Our experience with marigolds is somewhat mixed because they attract slugs, which are always an issue around here. As with any plant in the garden, we try them out and use them where they seem to be a success, turning to other remedies when they’re not. In recent years we have been turning more and more to calendula instead.
A member of the same family as marigolds, calendula or pot marigold does not attract slugs and, in my view, is more attractive. Plus, it’s edible - its pretty orange petals are often added to salads for a kick of color. It can be made into a soothing tea. And it’s anti-inflammatory and antiseptic. It soothes, heals and helps regenerate skin, and is often added to lip balms, salves and lotions. Health claims for calendula range from menstrual disorders to cancer. We can’t speak to that, but we do love it in the garden, where it is easy to grow, makes great cut flowers, and has similar benefits to marigolds.
Nasturtiums are excellent companions to radishes and cabbage family plants, deterring whiteflies, cucumber beetles, squash bugs, and striped pumpkin beetles, and improving growth and flavor of these plants. Nasturtium is a great “trap” crop for aphids, which it attracts away from other garden plants. We inspect it regularly for tiny black aphids and if our nasturtium does get infested, we just tear out the plant mid-season, taking an entire colony of aphids out of the garden and away from our vegetables.
Nasturtiums are also lovely in raised bed frames, spilling over the sides and visually softening the hard edges. The flowers are vibrant and add great visual appeal to a vegetable garden. The leaves, flowers and seeds of nasturtiums are all edible. The flowers are a great addition to salads, although we do recommend you dress the salad first, then sprinkle the flowers on top. As with many flowers, they are delicate and wilt easily if in contact with acidic dressing.
Some flowers are worth growing just as window dressing, and sweet alyssum certainly qualifies.

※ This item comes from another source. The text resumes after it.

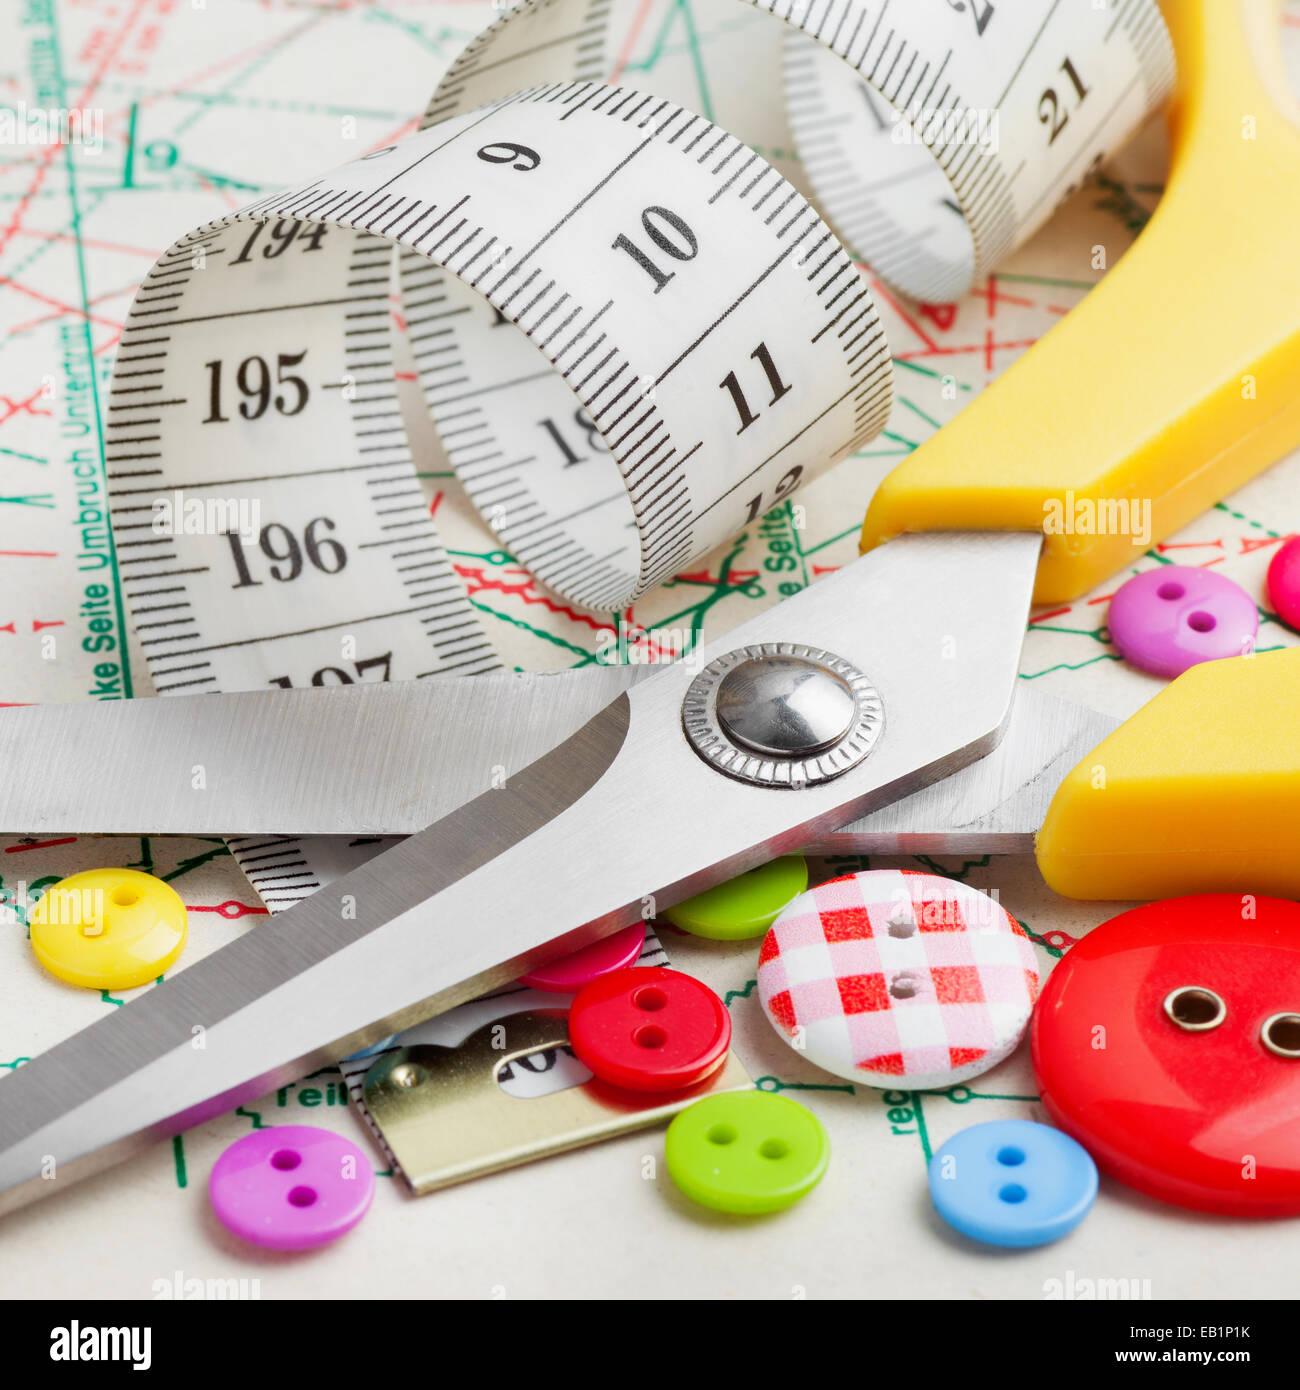 Elementos de costura: botones, tijeras, cinta de medir el patrón de costura Foto de stock

It does attract bees, but we love it mainly for its delicious scent and low-growing habit. An easy to grow annual, alyssum comes in white as well as various shades of purple and rose. Like borage, it self-sows rather freely, so we sometimes manage to grow new plants from last year’s seeds that have sprouted.
We include sunflowers in many of our gardens, usually opting for the dwarf varieties because their smaller stature (2 1/2 to 3 feet tall) is better suited to urban gardens. Even non-seeding sunflowers provide an ongoing supply of cut flowers and help attract desirable insects to the garden.
Many insects are attracted to the tall, bright flowers, including bees and other pollinators. The real reason we grow them, though, is simply that they have such great visual appeal: they make us smile.
Sunflowers are good companion plants for cucumbers, improving their growth and productivity. We grow cucumbers on trellises or other vertical supports, so planting three foot tall sunflowers in front of or in between cucumbers is an easy way to populate the north edge of the garden with a visually appealing backdrop.
There are countless other flowers worth growing in an urban vegetable garden – dwarf varieties of lavender or echinacea, for example, or cosmos in a border. Whether grown for color, nutrition or pest deterrence, flowers deserve some space in any healthy organic garden.